We next targeted formation of B-D biaryl bond to forge the C-ring and construct the carbon skeleton of simaomicin α. In the course of our synthetic studies on kibdelone C we had prepared model system 18. Exposure to Pd(OAc)2 in DMSO at elevated temperatures effected a direct dehydrogenative coupling in modest yield, although cleanly (eq 1).[11] Unfortunately, as is common with model systems, this one led us astray: we were unable to achieve the analogous transformation in the context of the entire skeleton of kibdelone C. In particular, the tetrahydroxanthone 20 failed to cyclize under a variety of conditions featuring Pd(II), Cu(II), Fe(III) or I(III) (eq 2). We ascribed the failure of the more advanced substrate (20) to cyclize to the presence of an electron-withdrawing carbonyl at C8 (kibdelone C numbering). Presumably the ketone deactivates the D-ring such that it is unable to participate in an electrophilic palladation. Eventually we solved the problem by introducing an iodide at C4 and decorating the C3 phenol with a Boc group. A subsequent Pd-mediated dehydrohalogenative coupling formed the key biaryl bond and enabled a synthesis of kibdelone C.[9]

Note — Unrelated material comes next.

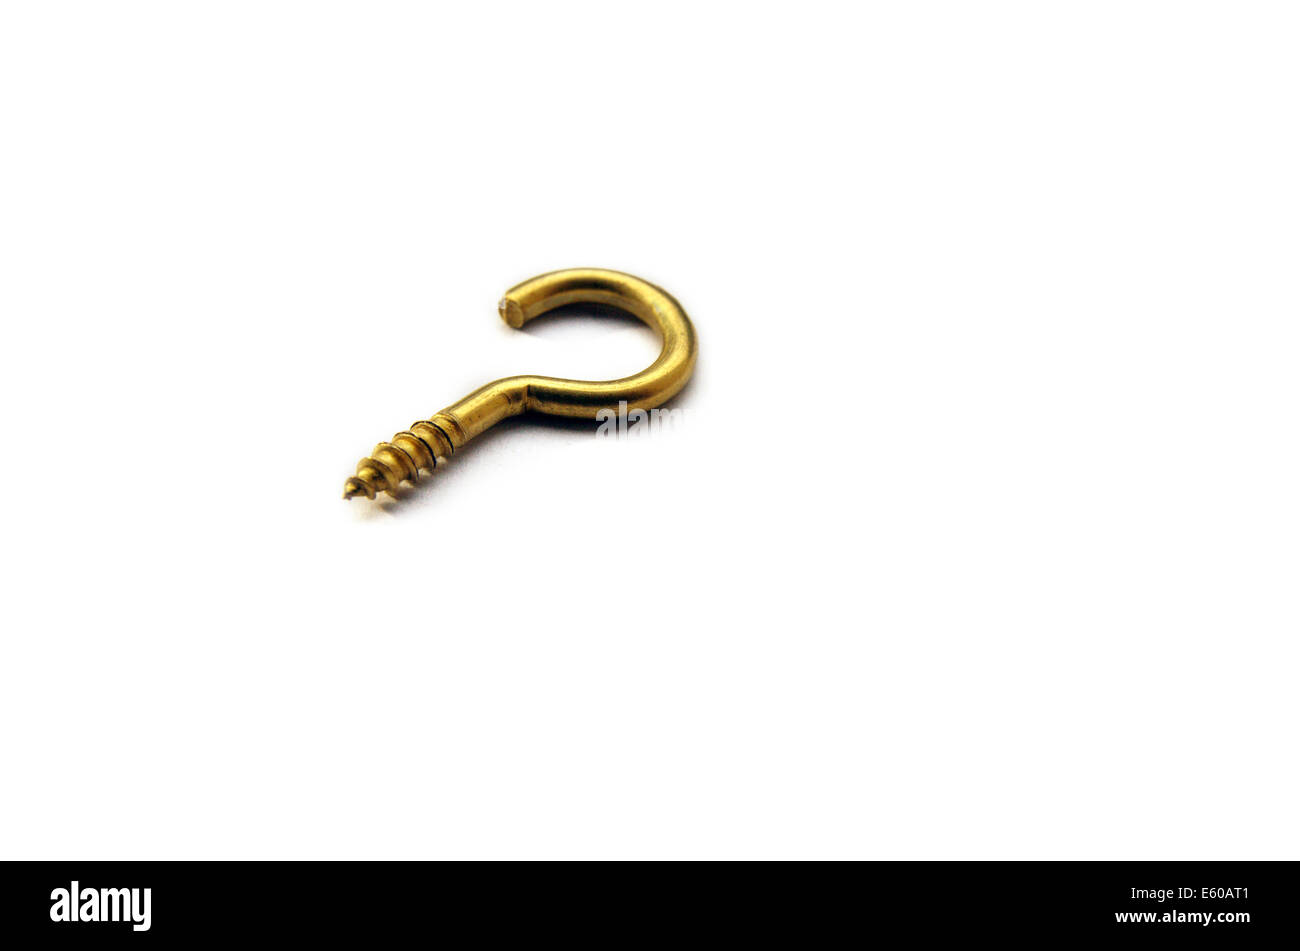 Golden Wall Hook Isolated On White Background Stock Photo

Cognizant of the failure of direct dehydrogenative coupling in the synthesis of kibdelone C, we were intrigued by the rapid and high-yielding cyclization of simaomicin model system 22 (eq 3). Specifically, while the kibdelone model 18 cyclized slowly (ca. 50 % conversion after 2 d), the presence of the methylene acetal in substrate 22 led to complete conversion in 12 h.[18] We attribute the improvement offered by the 1,3-dioxane ring to a conformational bias in which the rigidity imparted by the extra ring brings C22 and C23 (simaomicin numbering) into closer proximity.[19] With this result as encouragement, we then examined the reactivity of the more elaborate substrate 2. Gratifyingly, heating a solution of the free phenol and Pd(OAc)2 in DMSO resulted in a dehydrogenative coupling of the B and D-rings to form the C-ring and the full skeleton of the natural product. Finally, removal of the benzyl and BOM groups provided optically active simaomicin α. The latter transformation required carefully controlled reaction parameters, with only failure meeting a variety of alternative conditions including hydrogenation, dissolving metal and other Lewis acids. Generally, removal of the D-ring benzyl group occurred rapidly, but the remaining ethers showed significant stubbornness. The optimized conditions featured a large excess of BCl3 at low temperatures. Ultimately, the natural product was isolated in high yields and purity, with 1H NMR, [13]C NMR and mass data consistent with the reported values. Only the optical rotation value differed from the isolation report as it was similar in magnitude but opposite in sign [-759 (synthetic, c = 0.06, DMF) vs. +836 (natural, c = 0.3, DMF)].[20] We therefore conclude that the natural product is in fact enantiomeric to the structures shown herein. The natural enantiomer of simaomicin α should be easily accessible from ent-3, which can be obtained from the same enzymatic resolution that is used to generate 3, and by using (S,S)-Ru-9 for hydrogenation.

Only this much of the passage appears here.